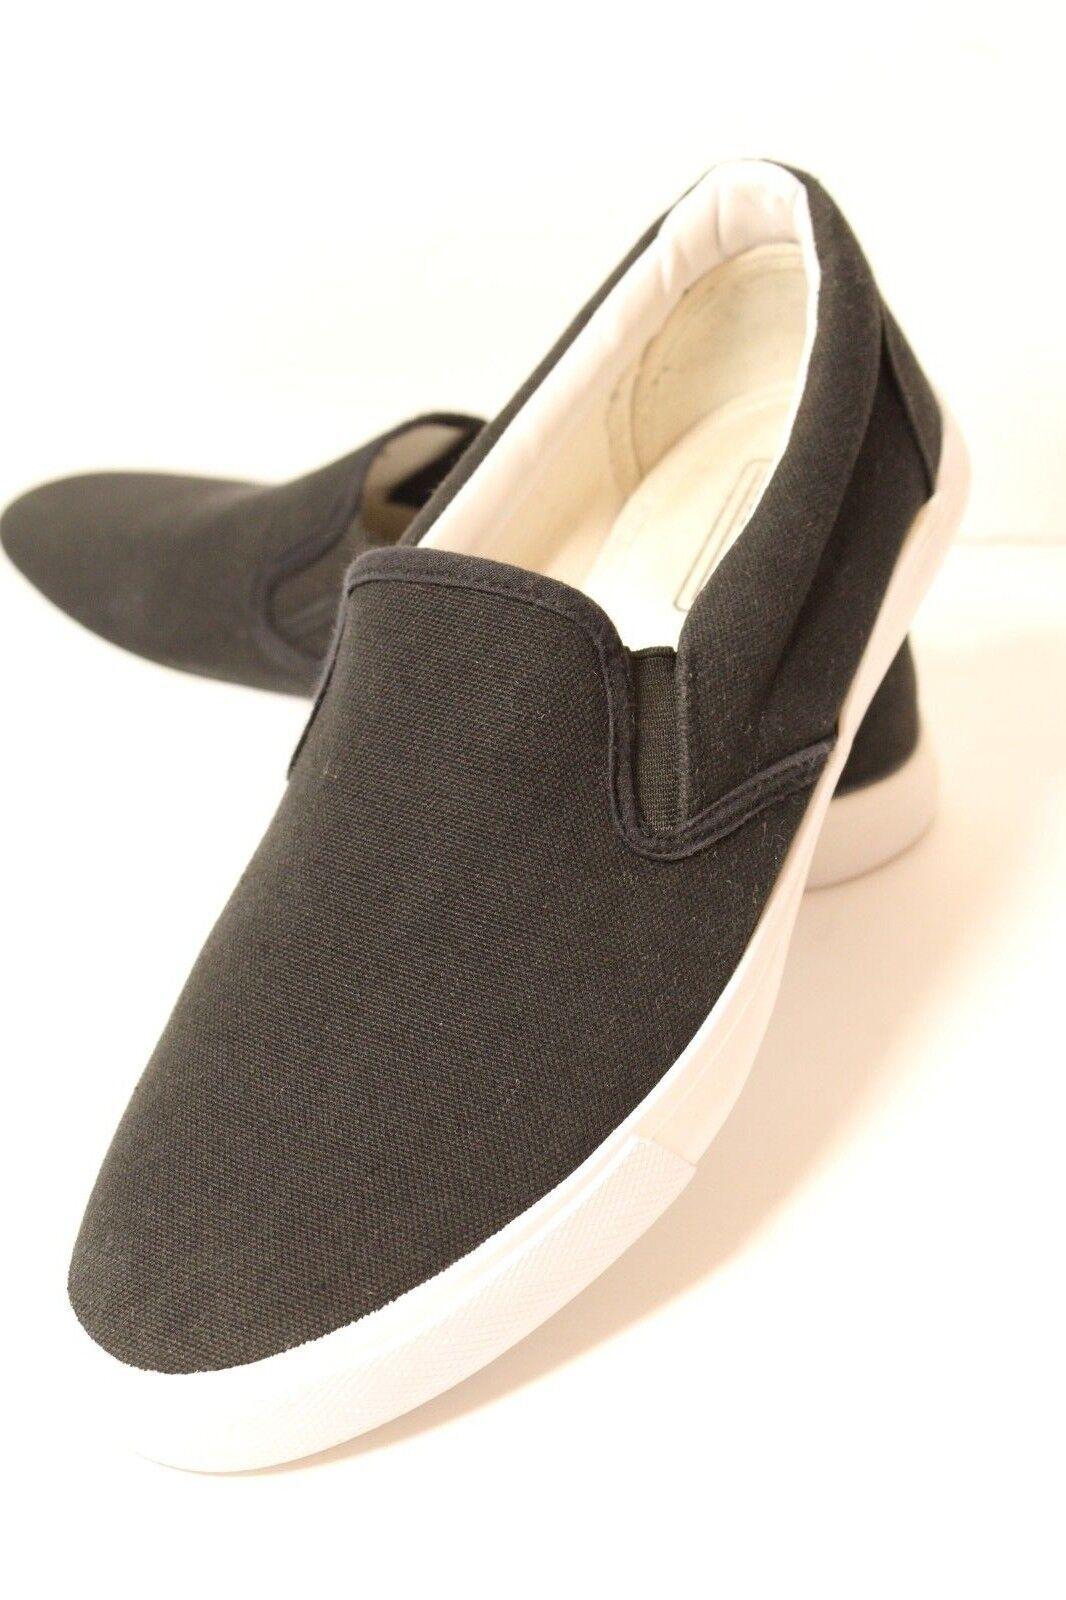 5d7089da4ef6 ASOS Mens Size US 9 Slip On On On Black Canvas Slip on Sneakers 527abb
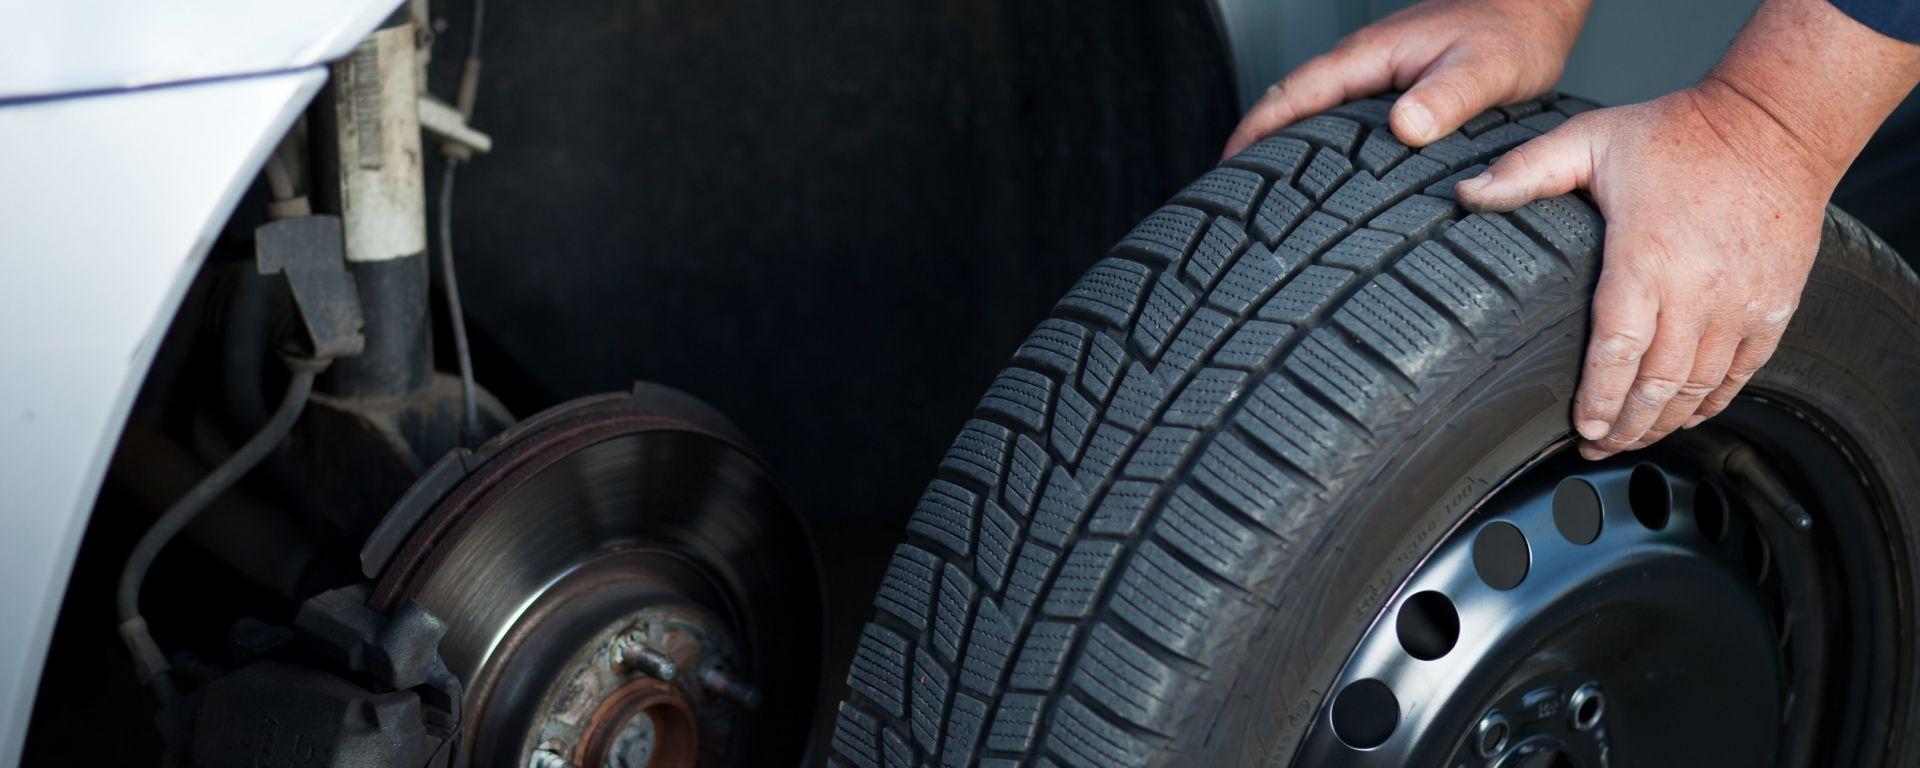 Sostituzione pneumatici invernali, proroga al 15 giugno
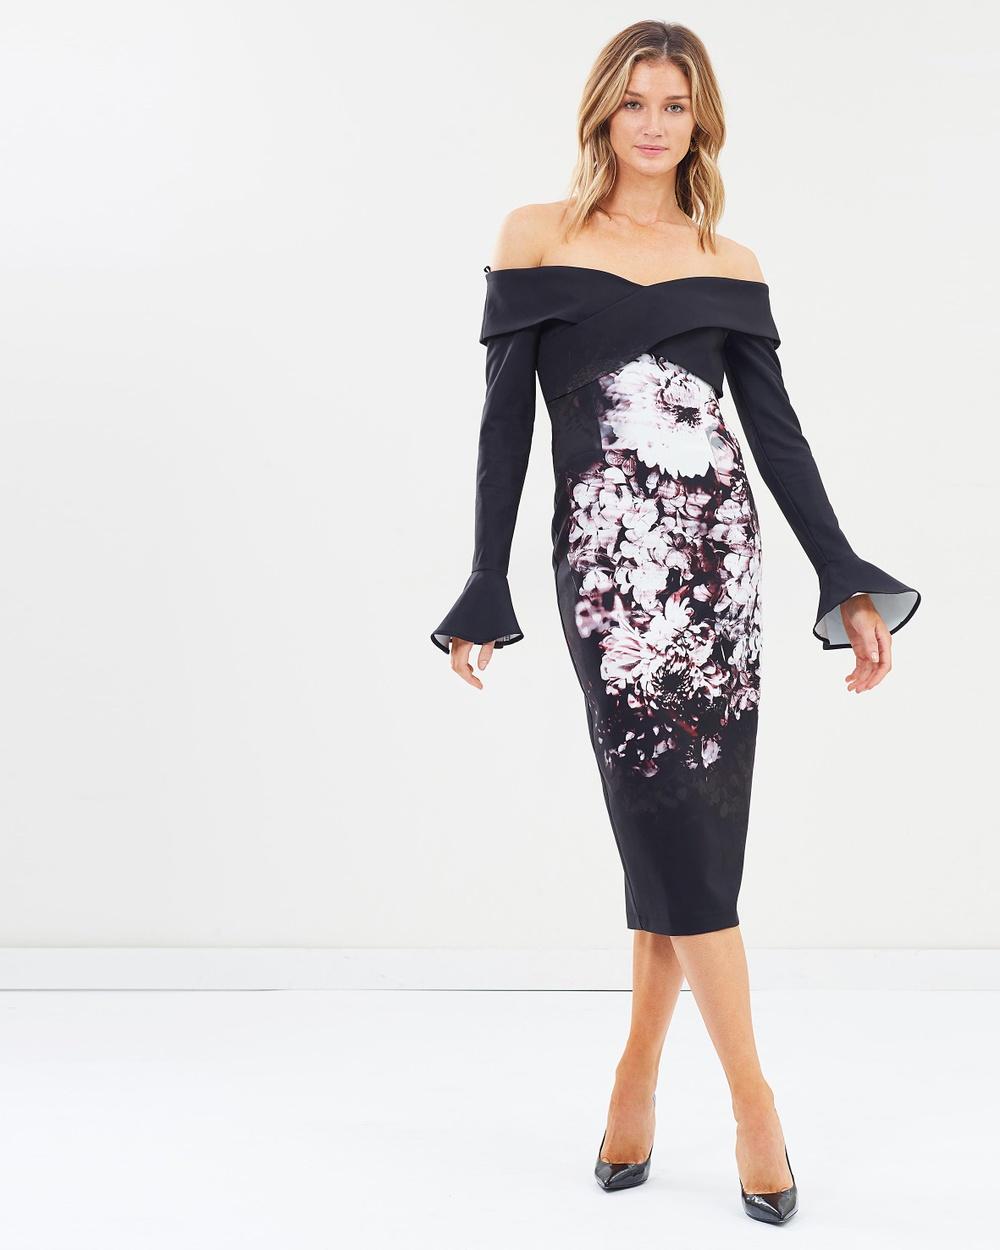 Pasduchas Constance Shoulder Midi Dress Printed Dresses Floral Constance Shoulder Midi Dress

# Problem statement
The whole listing above should be restated word for word, minus any images.

# Output of the exercise
 5d7089da4ef6 ASOS Mens Size US 9 Slip On On On Black Canvas Slip on Sneakers 527abb
 Sostituzione pneumatici invernali, proroga al 15 giugno
 Pasduchas Constance Shoulder Midi Dress Printed Dresses Floral Constance Shoulder Midi Dress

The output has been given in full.